As a member of Cloudera’s Partner Engineering team, I evaluate hardware and cloud computing platforms offered by commercial partners who want to certify their products for use with Cloudera software. One of my primary goals is to make sure that these platforms provide a stable and well-performing base upon which our products will run, a state of operation that a wide variety of customers performing an even wider variety of tasks can appreciate. Sharing some of our evaluation methodology might help others with their own projects.
Platform, defined
What is a platform?
According to Merriam-Webster, a platform could be a plan or design, a declaration of principles, a raised horizontal flat surface, a place or opportunity for public discussion, a vehicle used for a particular purpose, a thick layer between the inner sole and outer sole of a shoe, or the computer architecture and equipment using a particular operating system.
That’s a lot of definitions, none of which quite fit our meaning, but the last one comes close.
At the time of writing Cloudera aims to “deliver the modern platform for machine learning and analytics optimized for the cloud” which suggests our product offering itself is the platform, enabling customers to do all sorts of neat things. Within Cloudera’s Engineering team “platform” could mean the compute, storage, management, and security components that are part of CDH, upon which other components are built.
One thing is certain: platform is a loaded term used for many purposes by different groups.
In the context of this post, platform refers to a computing environment consisting of host, network, and storage resources. This environment forms the base upon which we install and run our software, CDH.
A platform is most commonly composed of
- bare metal hosts in your corporate data center provisioned by a Kickstart script
- virtual machines in your data center’s VMware or OpenStack environment
- virtual machines on cloud providers such as Amazon EC2, Google Cloud Platform, or Microsoft Azure
No matter where your environment resides physically, it will integrate with network and storage infrastructure. Network switches and routers could be physical, software-defined, or within a host hypervisor. Storage could be onboard the host itself, virtualized but directly addressable, or part of a vast network block storage service.
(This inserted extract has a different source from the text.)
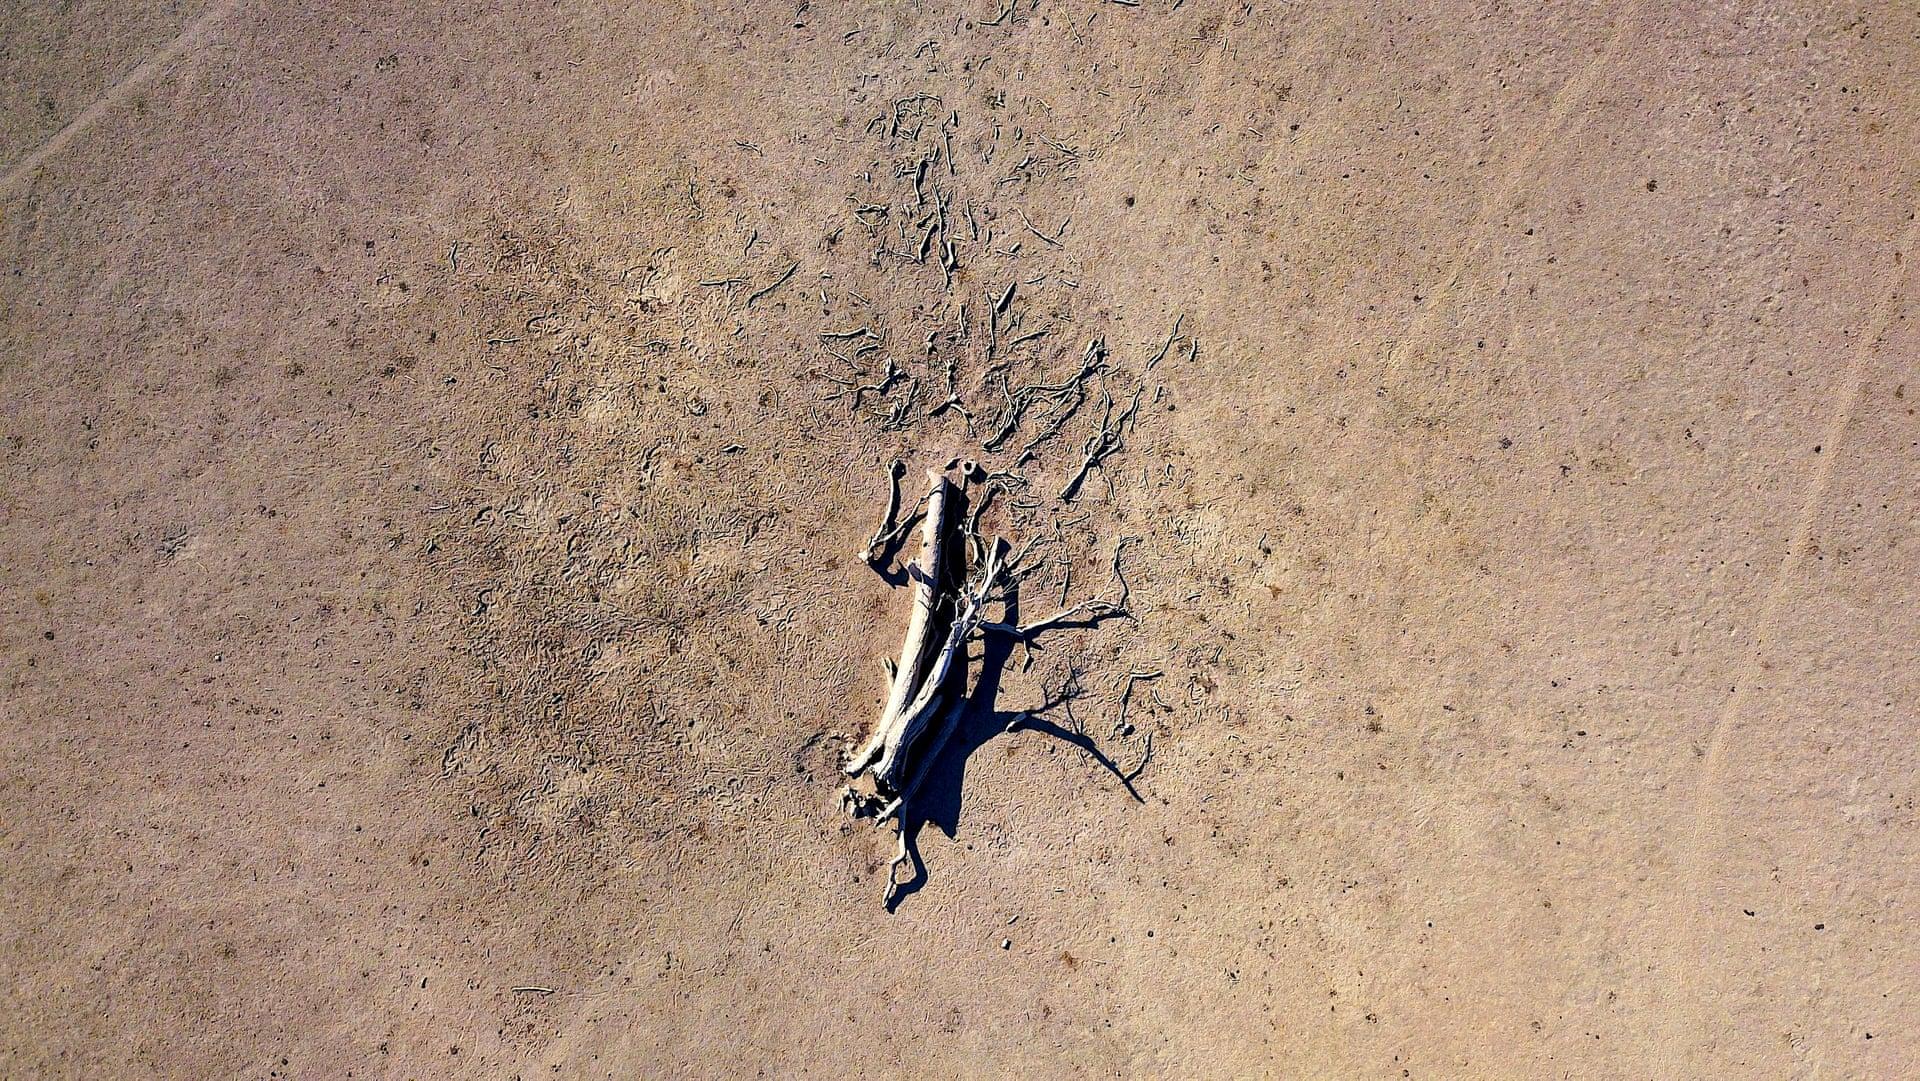 Фото дня: засуха в Австралии с высоты птичьего полета Фото дня: засуха в Австралии с высоты птичьего полета 3500 20 4

The assembly of all these resources results in an environment whose capabilities must be put to the test before we can recommend it to our customers. Here’s some of what I look at.
Provisioning time
For on-demand hardware provisioning, whether on-prem or on a cloud provider, we want to get a sense of how long it takes to spin up new machines so that we can set proper expectations.
Waiting 10-15 minutes for a platform to make virtual machines available may be acceptable for a cluster of nodes that’s expected to run for several months, but for an ad hoc job that’s only expected to run for a few minutes it probably won’t be.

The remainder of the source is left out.